Given the similar execution times, I think we can conclude that internally, LLFF and FILETOSTR() are implemented similarly. However with the LLFF we also have fine control. For example, FGETS() allows us to read a line at a time. To illustrate, the following code reads the first 15 lines of War And Peace into array wpLines.

    LOCAL t1, t2, i, h
    LOCAL ARRAY wpLines[15]
    CLEAR
    t1= SECONDS()
    h= FOPEN("WarAndPeace.TXT")      && 3.2 mb in size
    FOR i= 1 TO ALEN( wpLines)
    wpLines[i]= FGETS(h)
    ENDFOR
    t2= SECONDS()
    ?t2-t1, "seconds"      && 0.000 seconds
    FOR i= 1 TO ALEN( wpLines)
    ? wpLines[i]
    ENDFOR
    FCLOSE(h)

We can also retrieve a segment from War And Peace. FSEEK() moves the LLFF pointer, and the FREAD() function is used to read a range. Let's read, say, 1000 bytes about half way through the book.

    LOCAL t1, t2, x, h
    LOCAL ARRAY wpLines[15]
    CLEAR
    t1= SECONDS()
    h= FOPEN("WarAndPeace.TXT")      && 3.2 mb in size
    FSEEK(h, 1500000)      && Move the pointer
    x=FREAD(h, 1000)      && Read 1000 bytes
    t2= SECONDS()
    ?t2-t1, "seconds"      && 0.000 seconds
    SET MEMOWIDTH TO 8000
    ?x
    FCLOSE(h)

Inbound from text files, with pre-processing

Sometimes you need to pre-process text before it is usable. For example, you may have an HTML file from which you need to clean and remove tags. Or maybe you have the problem exhibited by our copy of War and Peace, which has embedded hard-returns at the end of each line. How can we create a streaming document that we can actually format?

Often the answer is to use the APPEND FROM command, which imports from file into a table, and moreover supports a large variety of file formats. The strategy always works something like this: You create a single-field table, and you use APPEND FROM ... TYPE SDF to load it

    LOCAL t1, t2
    CLEAR
    t1= SECONDS()
    CREATE TABLE Temp (cLine C (254))
    APPEND FROM WarAndPeace.Txt TYPE SDF
    t2= SECONDS()
    ?t2-t1, "seconds"      && 1.122 seconds

Now you're good to go: You've got a table of records that you can manipulate and transform to your heart's content using VFP's vast collection of functions.

Processing

This section discusses a wide variety of string manipulation techniques in Visual FoxPro. Let's say we've got some text in our environment, now let's muck with it.

Does a sub-string exist?

There are many ways to determine if a sub-string exists in a string. The $ command returns True or False if a sub-string is contained in a string. This command is fast. Try this:

    LOCAL t1, t2, x
    x= FILETOSTR("WarAndPeace.TXT")      && 3.2 mb in size
    t1= SECONDS()
    ? "THE END" $ x
    t2= SECONDS()
    ?[ "THE END" $ x], t2-t1, "seconds"      && 0.180 seconds

The AT()and ATC()functions are also great for determining if a sub-string exists, the former having the advantage of being case insensitive and, moreover, their return values gives you an exact position of the sub-string.

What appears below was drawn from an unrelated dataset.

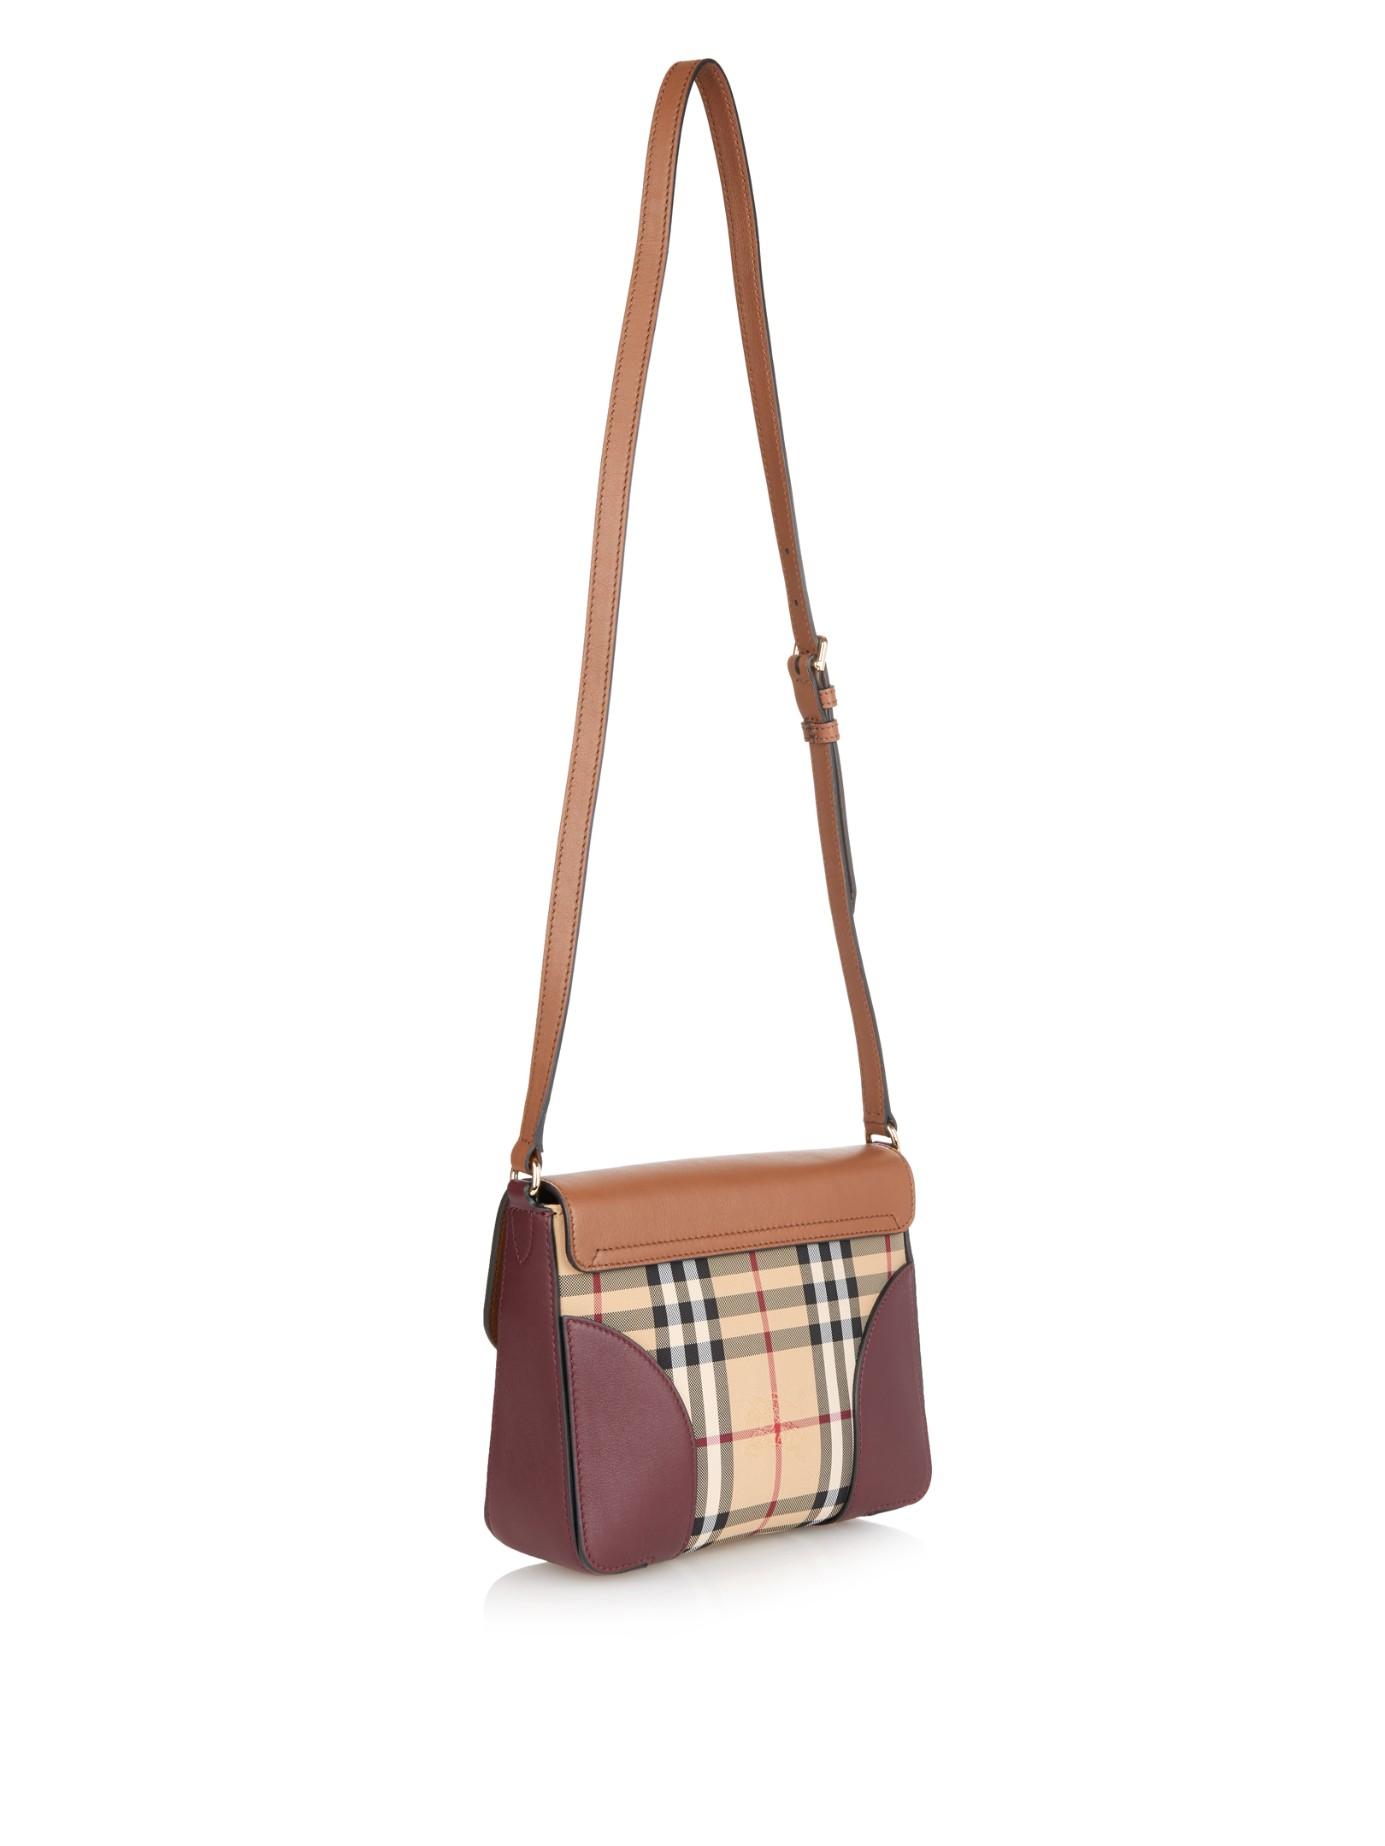 59d1239455e4 Lyst - Burberry Prorsum Dickens Leather Cross-body Bag in Purple

    LOCAL t1, t2, x, lnAtPos
    x= FILETOSTR("WarAndPeace.TXT")      && 3.2 mb in size
    t1= SECONDS()
    lnAtPos=ATC("the end",x)
    t2= SECONDS()
    ?lnAtPos      && 97837
    ?[ATC( "the end", x)], t2-t1, "seconds"      && 0.110 seconds
    ?SUBS(x, lnAtPos,20)      && the end of it...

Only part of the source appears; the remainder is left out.